Sometimes, that is what it takes to make your point, instead of to simply accept on intuition that this must be the case. You are probably right about the "grinder quotient" from the AHL being higher, but how do we know without actually running the numbers. Furthermore, if you are going to dismiss the differences in NHLE between the NCAA and the AHL based on this intuition, then shouldn't it be all the more imperative to do the research in order to get a more precise idea about that difference?

Furthermore, I find your problem with the comparison for this reason a little puzzling. If you are correct (and you probably are, as I have said), then the reason why the NHLE averages between the AHL and the NCAA are so close probably has something to do with the types of players that emerge from each of these leagues. But that shouldn't matter at all when it comes to understanding the number applied to Gaudreau's college production. Compared to all these other players from the select class of an "elite few NCAA offensive specialists", his numbers are off the charts. It bodes well for him, and has virtually nothing to do with how the NCAA NHLE compares to that for other leagues.

Quote:
Originally Posted by Vulcan View Post
The thing is, have fun with your NHLE stats but I don't put much faith in them trying to predict any players output.
Look. No one is suggesting that NHLE determines how good a player Gaudreau will be at the NHL level, or even if he will have any success at all. I have not yet used it to make any predictions about Gaudreau's NHL output. But what it does do is show comparisons—lots of them. It compares Gaudreau's production to globalised averages from thousands of other players from dozens of other leagues. It is a gauge that helps (not definitively) to illustrate how he compares upon entry to the NHL to other players from other leagues who started their NHL careers.
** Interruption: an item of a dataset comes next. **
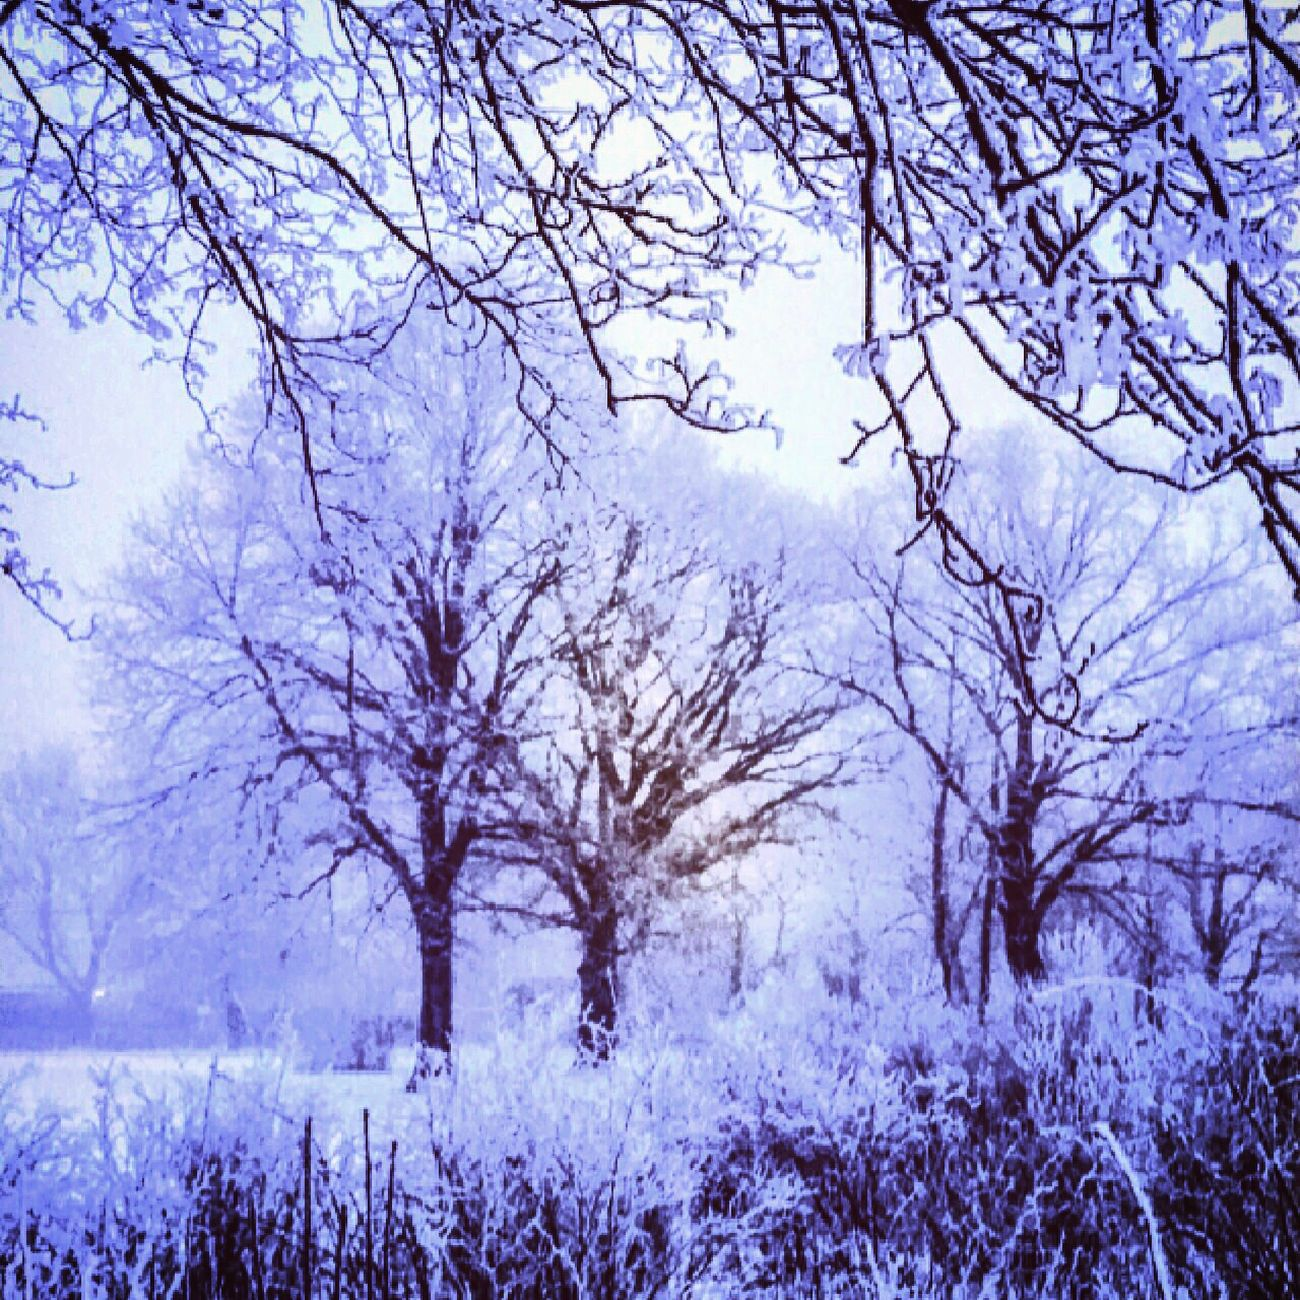 Foto Astorp Photography Fotografi Wintertime Winter Winterwonderland Vinter Vinterbild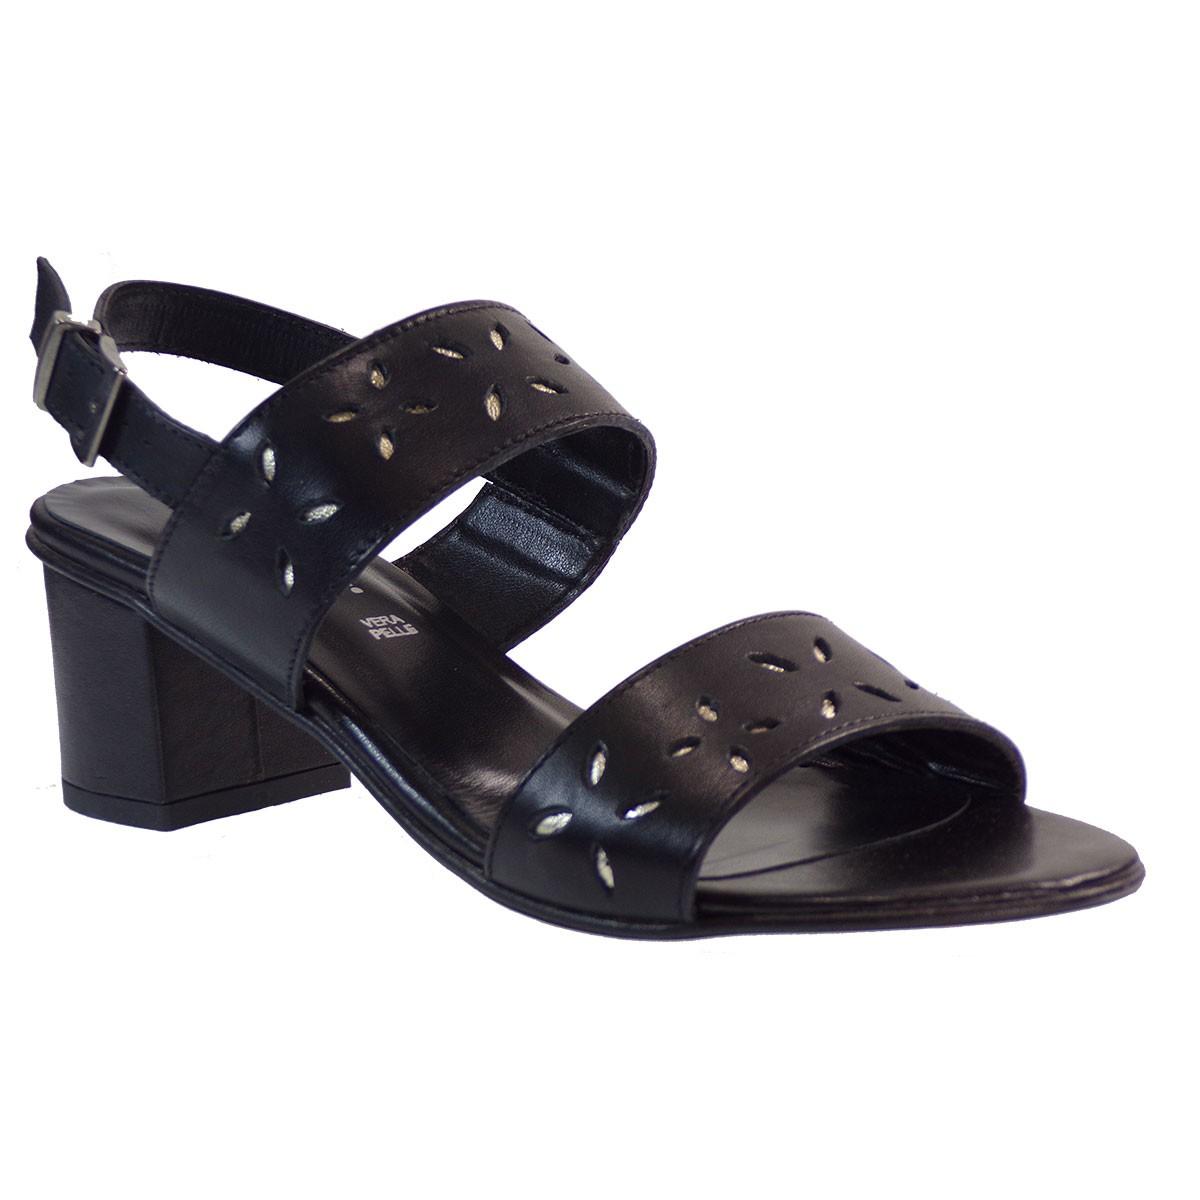 Cornelius Shoes Γυναικεία Πέδιλα 31-174 Μαύρο

I don't much care about using this figure as a barometer for measuring expectations of production for next year. Rather, here is the part of HIS NHLE that I find most interesting, most compelling, and most useful. It is the fact that he is one of only five players in the last fifteen years to register a +60 rating, and every one of those other players is an elite offensive player at the NHL level. Put simply, this in itself bodes well for anticipating his success; it would suggest that he has a greater chance of being a great NHL player than he does of failing to become a NHL regular. With how consistent the +60 class has been, Gaudreau's failure to become a first-line talent would actually be an exception.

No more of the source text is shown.